Of the residents, 25.4% were under the age of 18 and 17.0% were 65 years of age or older; the median age was 38.8 years. For every 100 females there were 109.7 males, and for every 100 females age 18 and over there were 112.7 males.
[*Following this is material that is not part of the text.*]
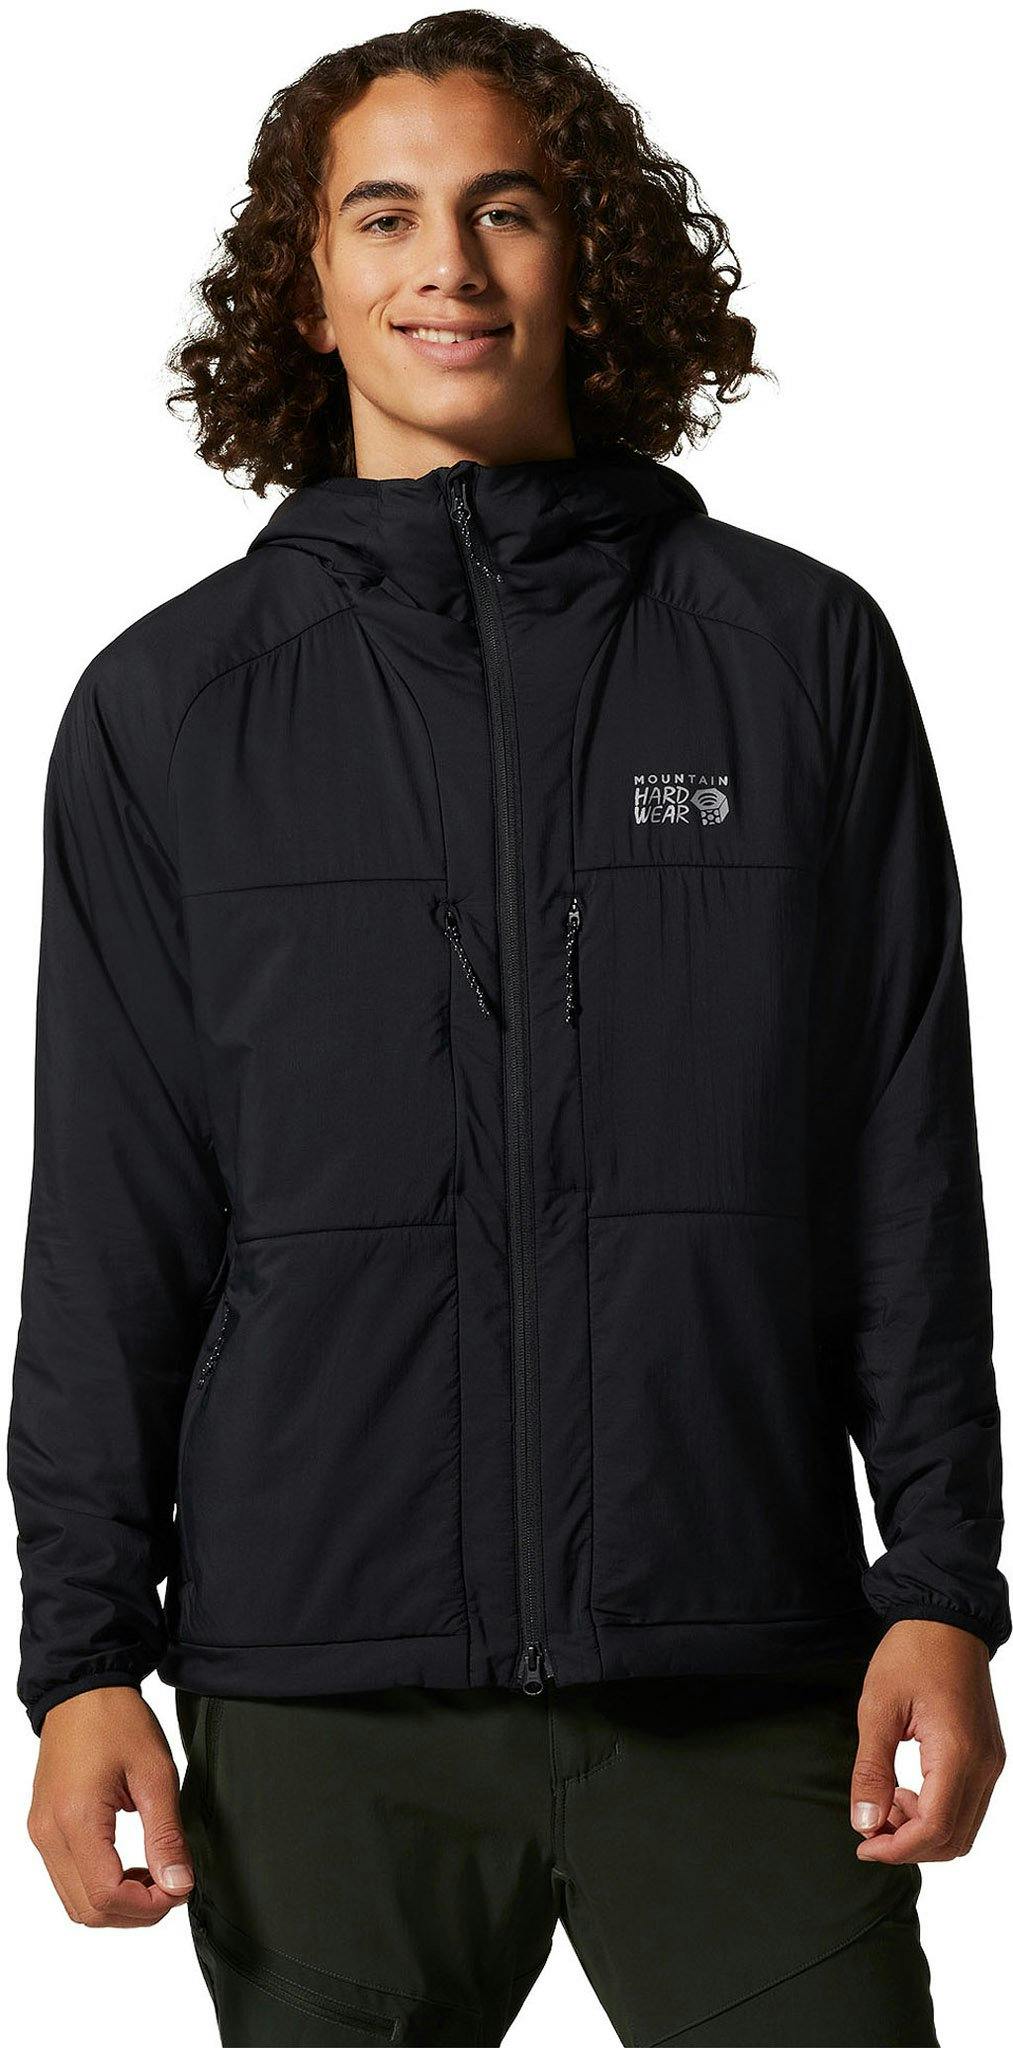 Product image for Kor Airshell Warm Jacket - Men's

The racial makeup of the county was 80.0% White, 0.6% Black or African American, 11.2% American Indian and Alaska Native, 0.8% Asian, 1.0% from some other race, and 6.4% from two or more races. Hispanic or Latino residents of any race comprised 2.6% of the population.
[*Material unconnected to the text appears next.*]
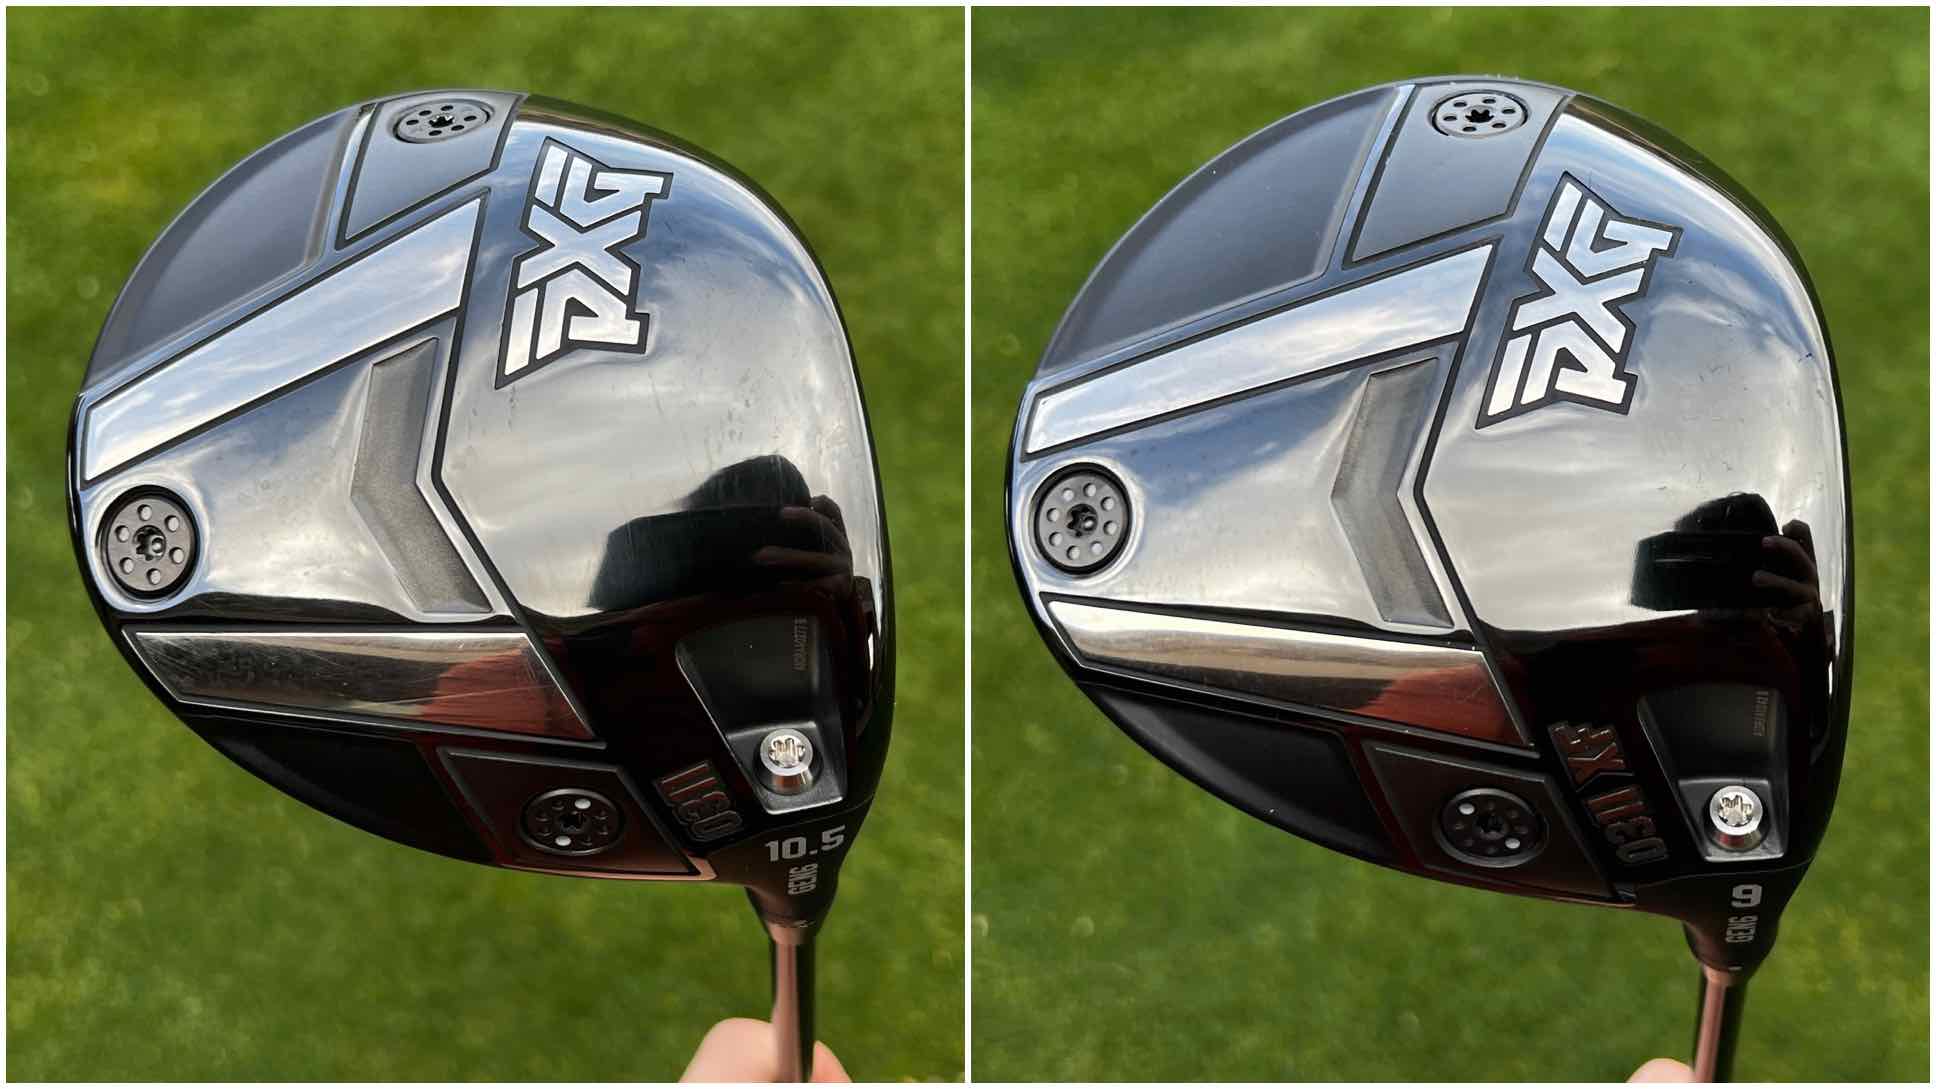 PXG releases all new GEN6 series woods and irons - HNK19

There were 1,558 households in the county, of which 32.0% had children under the age of 18 living with them and 14.8% had a female householder with no spouse or partner present. About 26.5% of all households were made up of individuals and 9.7% had someone living alone who was 65 years of age or older.

There were 2,105 housing units, of which 26.0% were vacant. Among occupied housing units, 73.0% were owner-occupied and 27.0% were renter-occupied. The homeowner vacancy rate was 1.5% and the rental vacancy rate was 18.9%.

===2010 census===
As of the 2010 census, there were 3,536 people, 1,401 households, and 977 families residing in the county. The population density was 1.8 PD/sqmi. There were 2,132 housing units at an average density of 1.06 /sqmi. The racial makeup of the county was 84.93% White, 0.23% African American, 12.70% Native American, 0.28% Asian, 0.00% Pacific Islander, 0.17% from some other races and 1.70% from two or more races. Hispanic or Latino people of any race were 1.07% of the population.

In terms of ancestry, 57.6% were German, 20.3% were Norwegian, 8.5% were Czech, 6.0% were Russian, 5.7% were Irish, 5.3% were English, and 1.8% were American.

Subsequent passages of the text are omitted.